Justice Department Investigating Cable Providers, Net Neutrality
The US Justice Department is looking into antitrust claims against various cable companies throughout the US to find out if they've been acting anticompetitively when it comes to the distribution of online video through their networks.
The U.S. Justice Department has begun conducting a large, wide-ranging antitrust investigation into cable companies and whether or not they are attempting to stifle upcoming competition from online video providers. Officials have spoken to several online companies, including Netflix and Hulu, as well as cable providers like Comcast and Time Warner Cable, about issues such as data caps. No comment was given about the investigation.
The problem arises from the fact that cable companies, which provide bundles of television channels as well as high-speed internet access, are having their traditional channel bundles as well as video rental on demand services bypassed by customers using online services such as Netflix, Hulu, and Amazon. Companies, having invested billions of dollars into the construction and maintenance of their networks, have little to no incentive to get out of the business of providing television channels, and major entertainment groups with multiple television stations are highly invested in the current model of television viewing, because by requiring cable companies to license packages of channels rather than picking individual channels, they ensure that all their channels, no matter how popular, make it into homes, and are able to receive fees for stations that would otherwise wither and die from lack of viewership. The probe from the Justice Department serves as a highlight into how shifts in patterns of television viewership are shaking and reverberating through the television entertainment industry.
The Justice Department has already shaken the eBook publishing industry with a lawsuit that alleges publishers colluded with Apple to fix prices on eBooks, rather than letting the market set the prices. Several publishers settled in April, but Apple and the remaining publishers continue to fight the suit. In the cable probe, the Justice Department is taking a close look at data caps that have been used by TV providers like Comcast and Time Warner have used to try and deal with the rapid growth of online video traffic. The limits are needed, the companies claim, in order to stop heavy users from overwhelming their networks. Online video providers like Netflix, however, have accused cable companies of using the limits at stopping consumers from dropping their television services and switching completely to online video services. There is also concern that the cable companies’ online video offerings, many of which have begun service in just the past year, will get an unfair advantage by not affecting data cap limits or receiving priority traffic on the networks. Comcast did nothing to alleviate those accusations when they announced in March that its Xfinity app on the Xbox 360 would not be counted against their subscribers’ data caps, unlike every other video service available on the system.

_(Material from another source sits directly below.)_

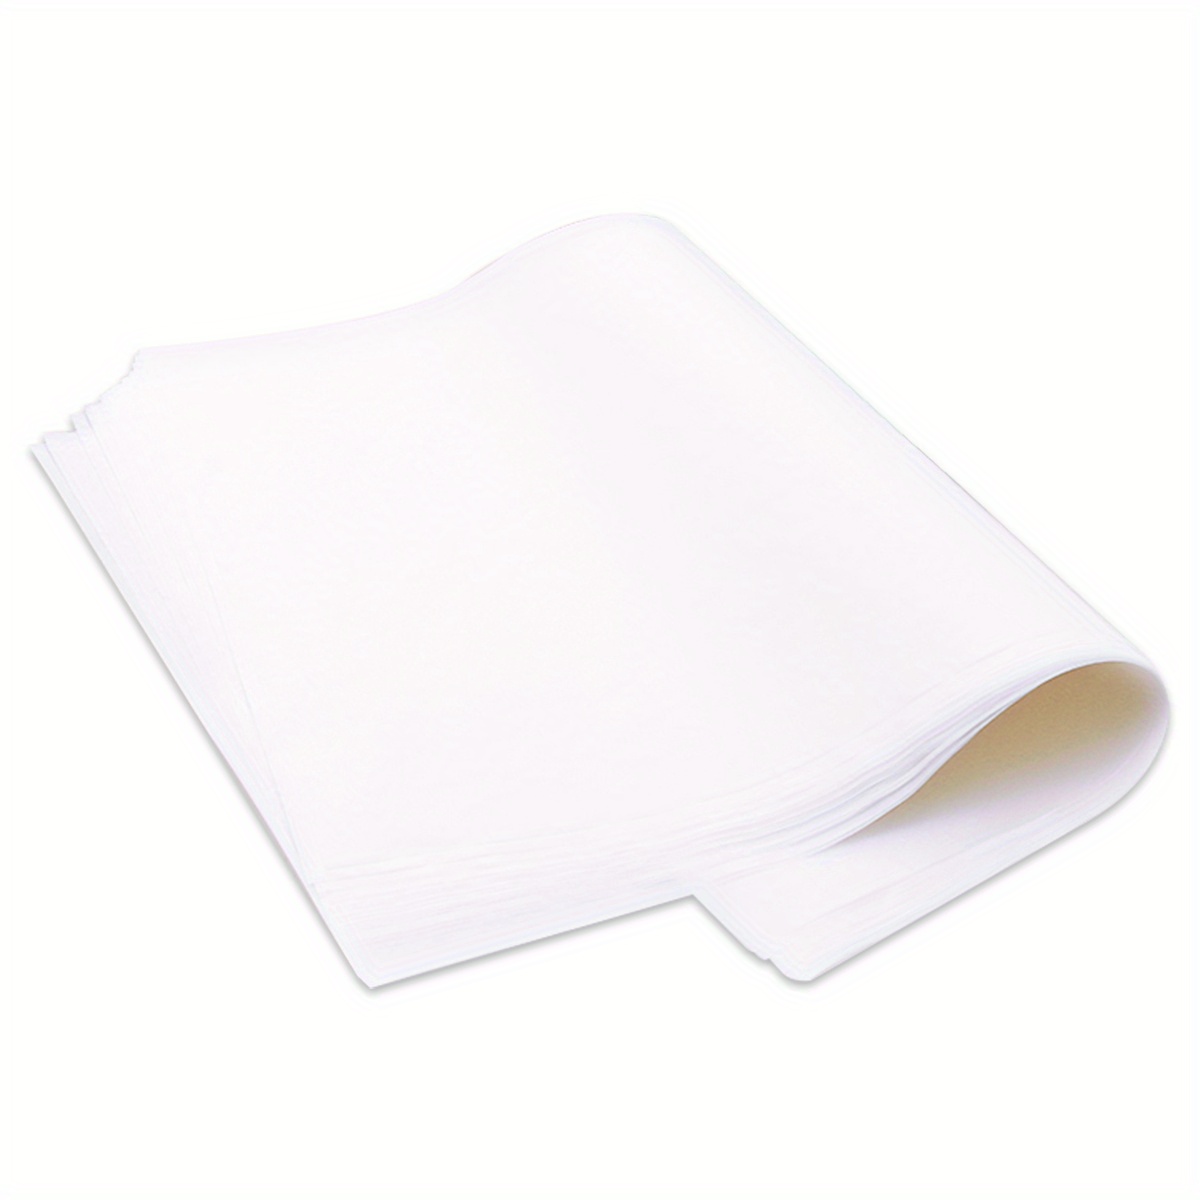 Baking Paper Heavy Duty, Greaseproof Paper Sheets, Non Stick

Because of this announcement, the Justice Department is examining whether or not Comcast violated legal requirements made of the company in 2011 in order for them to secure approval for the takeover of NBCUniversal. Under those legal terms, Comcast cannot “unreasonably discriminate” against other companies transmitting data over its network or treat its own content differently than it treats theirs. Comcast claims that they have not, in fact, violated those requirements, because they are not treating data from the Internet any differently; they are claiming that they have a loophole in that Xfinity uses data only from Comcast’s internal network, not the public Internet. “We have consistently treated all video carried over the public Internet the same whether it comes from our sites or anywhere else on the public Internet,” the company said.
Another issue being investigated are paywalls around certain content providers that require users to have an active cable subscription, such as ESPN’s WatchESPN service, which can only be accessed in mobile form after entering your cable subscription details. The Justice Department is investigating whether these paywalls are anticompetitive, as well as whether contracts signed by providers and entertainment groups are anti-competitive by requiring subscribers to purchase packages of channels, whether or not they actually watch those channels.